Can you add to this some description of your storage hardware and your server? If you are using an array (i.e. something with a non-volatile write cache), can you retry with "mount -o nobarrier" ? Thanks!
This was tested on a Pentium 4 2.8GHz, w/ 2G RAM, with a single 250GB serial ATA Western Digital drive (no RAID setup).
Were you using the same mount options between kernel revisions? Specifically, if barriers are enbled, it will definitely take longer to fsync. What I/O scheduler was used in testing?
Yes, the same mount options were used in all tests. In all cases, the CFQ IO scheduler was used.
Can you please provide the kernel config used for the upstream kernel build & test? Thanks, -Eric
Created attachment 486697 [details] Kernel config from 2.6.32.27 build I've attached the .config from my 2.6.32.27 build.
# CONFIG_EXT3_DEFAULTS_TO_ORDERED is not set is likely relevant, especially in light of the fsync() call in your test. data=writeback is faster, but can lead to data exposure after a crash, so in fedora and rhel we have data=ordered as the default. This was changed back again later, upstream. data=ordered does, however, have issues with fsyncs getting tangled up with all buffered data for the filesystem. If you have the time, could you re-compare with CONFIG_EXT3_DEFAULTS_TO_ORDERED=y on your upstream kernel? Thanks, -Eric
Created attachment 486701 [details] Kernel config from 2.6.38 build Here is a .config from my 2.6.38 kernel, which did have CONFIG_EXT3_DEFAULTS_TO_ORDERED=y. This kernel also showed the faster runtimes.
Yes, the default was changed again by 2.6.38 (it changed back in 2.6.36) That one config option really could make all the difference. See also: http://git.kernel.org/?p=linux/kernel/git/torvalds/linux-2.6.git;a=commitdiff;h=aa32a796389bedbcf1c7714385b18714a0743810 -Eric
Should I try CONFIG_EXT3_DEFAULTS_TO_ORDERED=y with the 2.6.32.27 kernel to see if the runtime of the test case is slower? My 2.6.38 config had it set to "y", and the runtime of the test case was still much faster than the 2.6.32-71.18.2 RH kernel.
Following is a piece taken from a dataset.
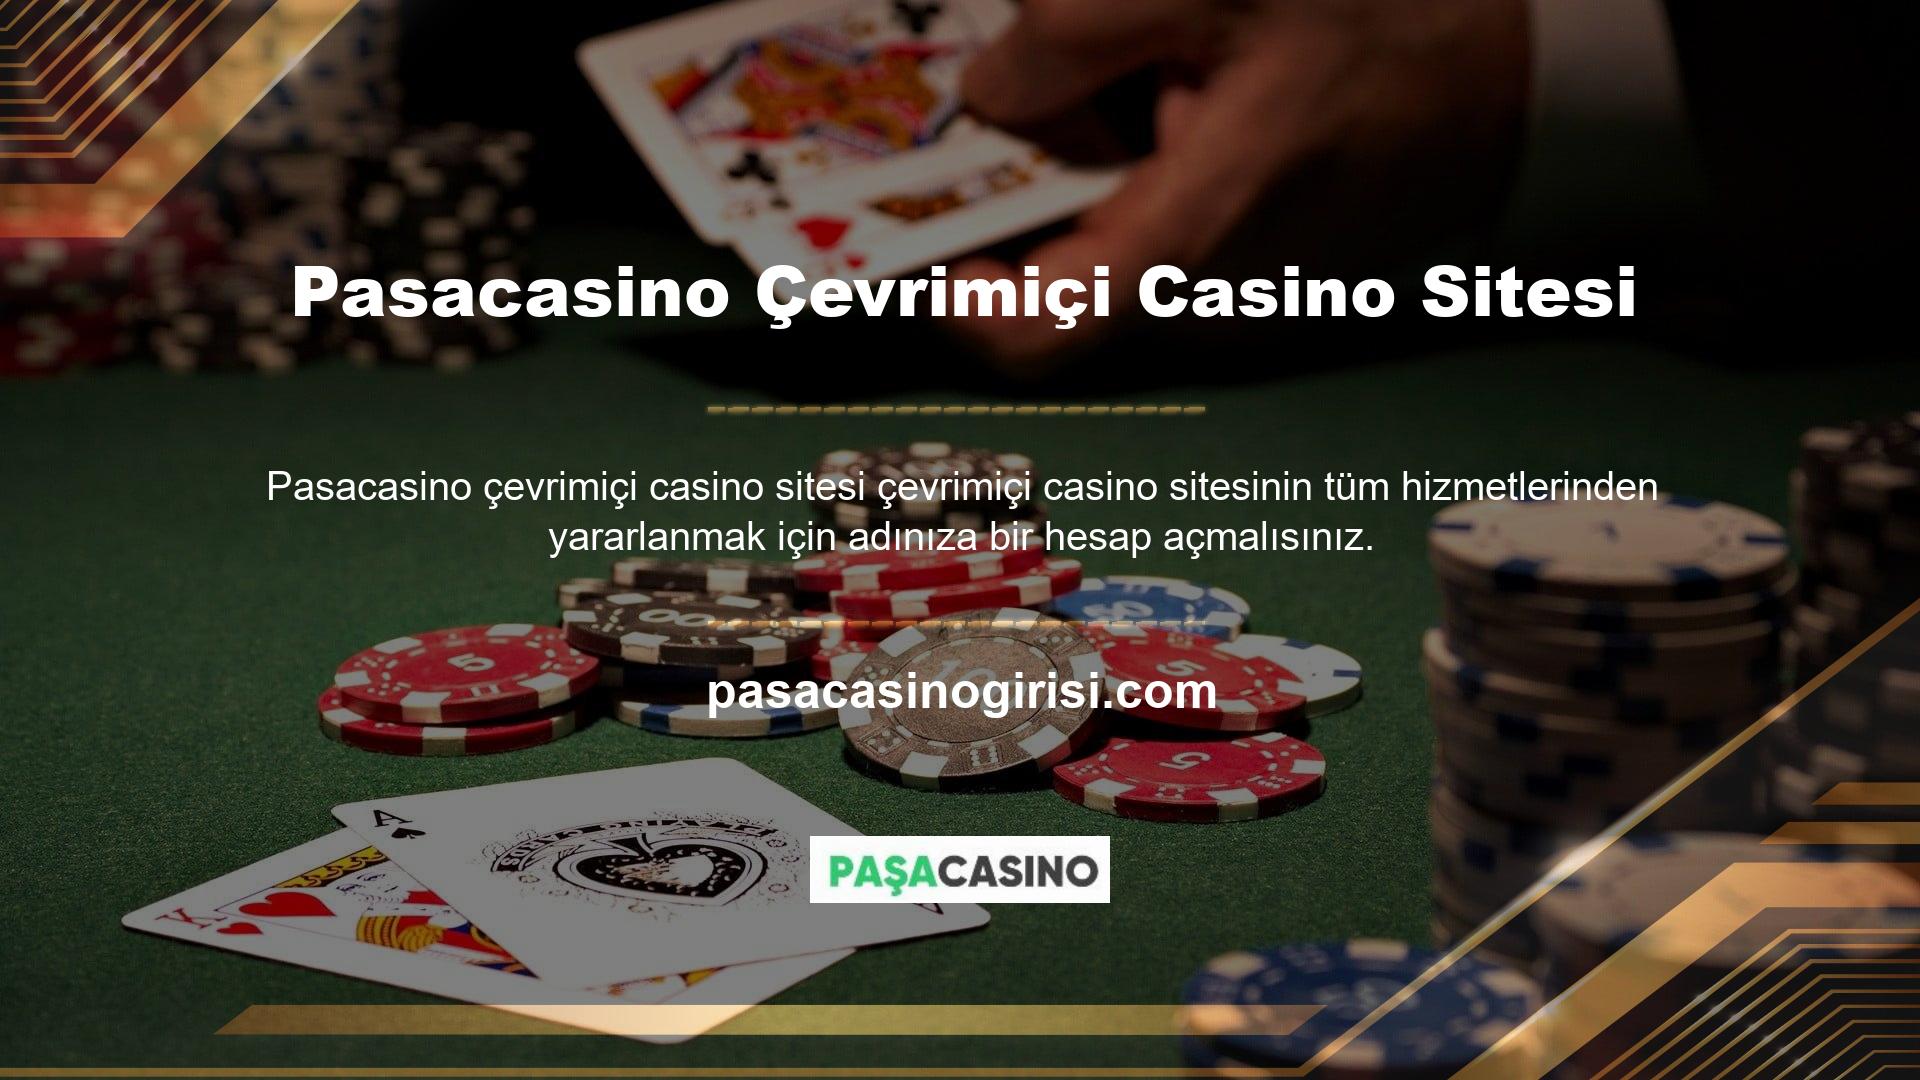 Canlı bahis, canlı casino, spor bahisleri, sanal bahis ve canlı bingo teklifleri dahil olmak üzere üyelerimize birçok hizmet kategorisi sunuyoruz ve onlarca farklı slot makinesi oyunu

so 2.6.32/RHEL6 and 2.6.35/F14 were "slow" runs (RHEL6 was ~40s, F14 unspecified); these both default to ordered mode. 2.6.32/vanilla was "fast" (~2s) with writeback mode. 2.6.38/vanilla was "fast" (?s) with ordered mode. 2.6.38 does seem to be a bit of an anomaly, not quite sure what to make of that yet, I guess I'll give it a whirl myself. FWIW, you could test your vanilla 2.6.32 without rebuilding, just mount the filesystem with -o data=ordered to override the writeback default.
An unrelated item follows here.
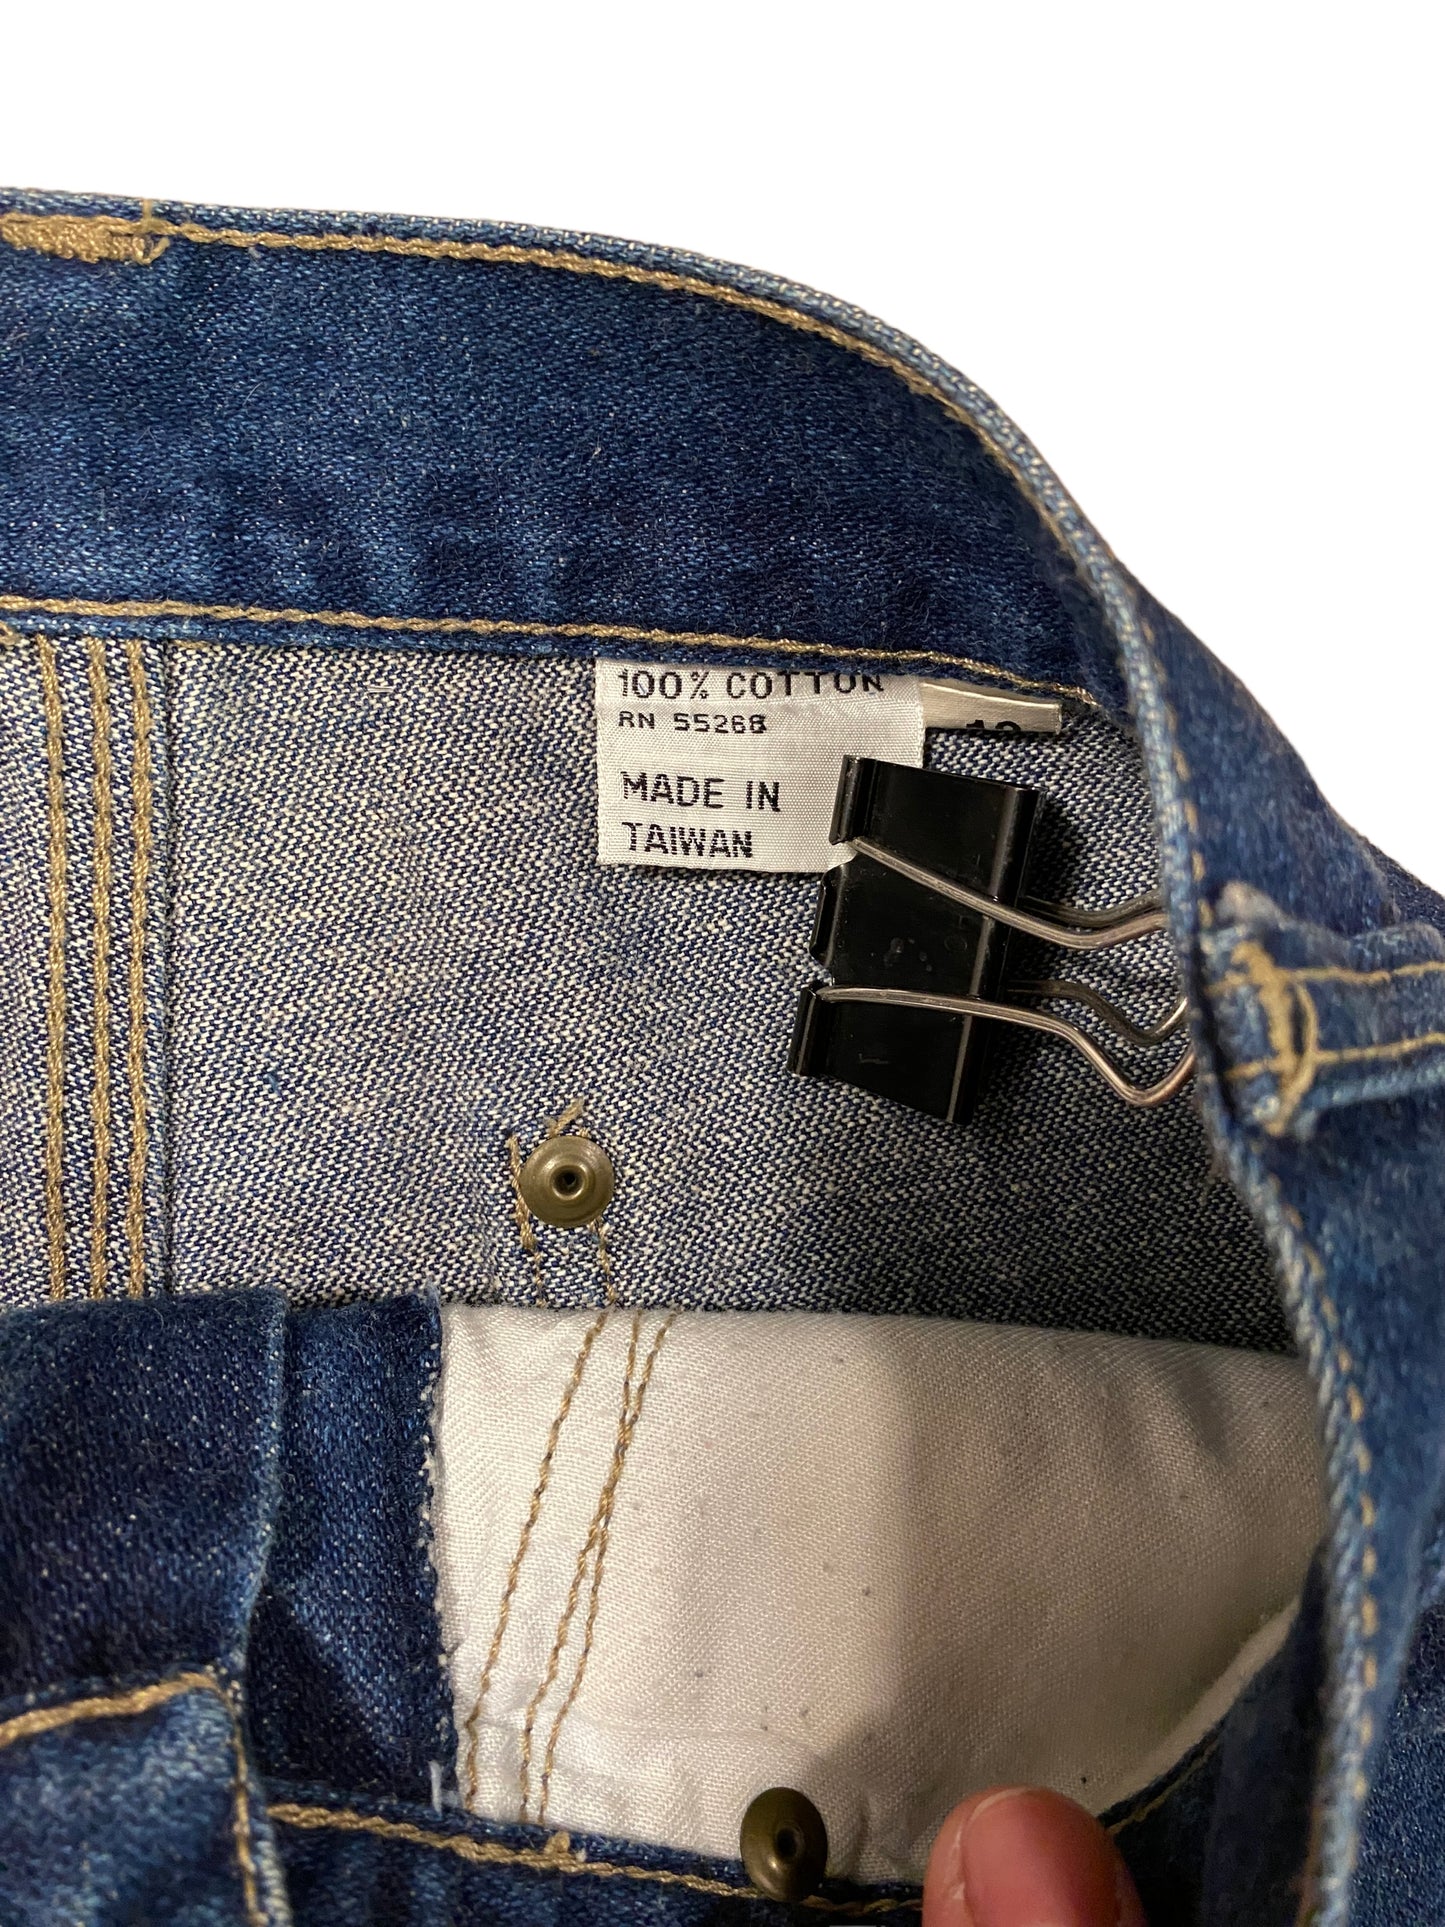 1980s Vintage Blaze Jeans High Waist Denim

One other question, are you testing on a dedicated filesystem, or on the root fs?
Yes, 2.6.32/RHEL6 & 2.6.35/F14 both took around 40s. 2.6.32 & 2.6.38 vanilla were around 2s. In all cases, tests were done on the root filesystem. I'll try the 2.6.32 test tomorrow with the different mount option.
Ok, for starters, testing on the root filesystem may skew results, because in data=ordered mode, the fsyncs in your testcase may end up flushing out system data. This is a known, but unfortunate, behavior of the ext3 journal design. In any case, I was able to do some testing here. I should have gone with Ric's first hunch about the barriers in comment #4, because that's making all the difference, not the journal mode. With: # mount -o data=writeback,barrier=0 /dev/sdb5 /mnt/test (upstream defaults in 2.6.32) I got < 1.5s. With: # mount -o data=ordered,barrier=1 /dev/sdb5 /mnt/test (RHEL6 defaults - data integrity over speed, not vice versa) I got 55s. For the full ordered/writeback and barrier/nobarrier matrix, it looks like this: barrier nobarrier ordered 55s 1.5s writeback 55s 1.5s With barriers enabled, an fsync() causes a disk cache flush. Without this, data is not persistent on disk; it is only in the disk's write cache, and will be lost if power is lost. http://docs.redhat.com/docs/en-US/Red_Hat_Enterprise_Linux/6/html/Storage_Administration_Guide/writebarr.html I also see the fast time on upstream .38 (well, the F15 kernel, close enough) but again that's mounting without barriers. With barriers on, on 2.6.38, I see 56s. Sorry for the wild goosechase on the journal config; this is entirely a write barrier issue.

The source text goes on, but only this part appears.